Variables for tuning the build process
--------------------------------------

- make vvfst:
  * VVFST_BUILDDIR=path/to/directory  
    Specifies the directory where build files are written to while building
    for Voikko.  
    Default: vvfst (build within source directory)
  * VVFST_BASEFORMS=yes|no  
    Include information needed for generating BASEFORM attribute. Setting this
    to "no" will result in a smaller dictionary file. Note that BASEFORM attribute
    will still be produced but its values will likely be incorrect. This option
    should only be disabled for application specific (embedded) dictionaries
    that are known to be used only for spell checking, grammar checking or
    hyphenation.  
    Default: yes
  * GENLEX_OPTS="--option1=xxx --option2=yyy ..."  
    Sets options string for the lexicon generator script.
    The available options are
    + --min-frequency=n  
      Limits the words to be included in the .lex files to the
      specified or higher frequency class. Default is 9.
    + --extra-usage=usage1,usage2,...  
      If a word has usage flags (it belongs to a special vocabulary), it is
      included in the vocabulary only if at least one of the usage flags is
      listed here. Available usage flags are listed in file
      vocabulary/flags.txt.
      Listing "sukija" here causes application specific exclusions to be ignored
      (words marked with not_voikko will also be included).
      By default, no special vocabularies are included.
    + --style=style1,style2,...  
      If a word has style flags (such as old, foreign or dialect), it is
      included in the vocabulary only if all of the style flags are listed
      here. Available style flags are listed in file vocabulary/flags.txt.  
      Default: old,international,inappropriate
    + --sourceid  
      Insert word identifiers from Joukahainen to lexicon and return them
      during morphological analysis. This option has no effect unless
      VOIKKO_DEBUG=yes is set. By default source ids are not preserved.
  * VANHAT_MUODOT=yes|no  
    Accept word forms that were present in old Finnish but are no longer
    considered valid in standard Finnish. Default: no
  * VOIKKO_VARIANT=variant  
    Set the short name for the language variant of this vocabulary. The
    name should match the regular expression [a-z][a-z0-9_]*  
    Default: standard
  * VOIKKO_DESCRIPTION="Description of the vocabulary"  
    Set the long description for the language variant of this vocabulary.
  * SM_PATCHINFO="Information about applied patches"  
    If you have modified the source code or are distributing prerelease
    versions, describe any modifications made to the released version here.
    It may be best to change this directly in the Makefile.

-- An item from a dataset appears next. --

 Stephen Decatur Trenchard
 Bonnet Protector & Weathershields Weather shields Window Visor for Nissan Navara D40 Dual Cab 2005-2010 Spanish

Copyright and license information
---------------------------------

This program is free software; you can redistribute it and/or modify
it under the terms of the GNU General Public License as published by
the Free Software Foundation; either version 2, or (at your option)
any later version. See file COPYING for details.

Copyright (©) 2006 - 2020 Hannu Väisänen (Email: Hannu.Vaisanen@uef.fi)
and 2006 - 2020 Harri Pitkänen (hatapitk@iki.fi). Contributors listed
in file CONTRIBUTORS hold copyrights to the vocabulary data.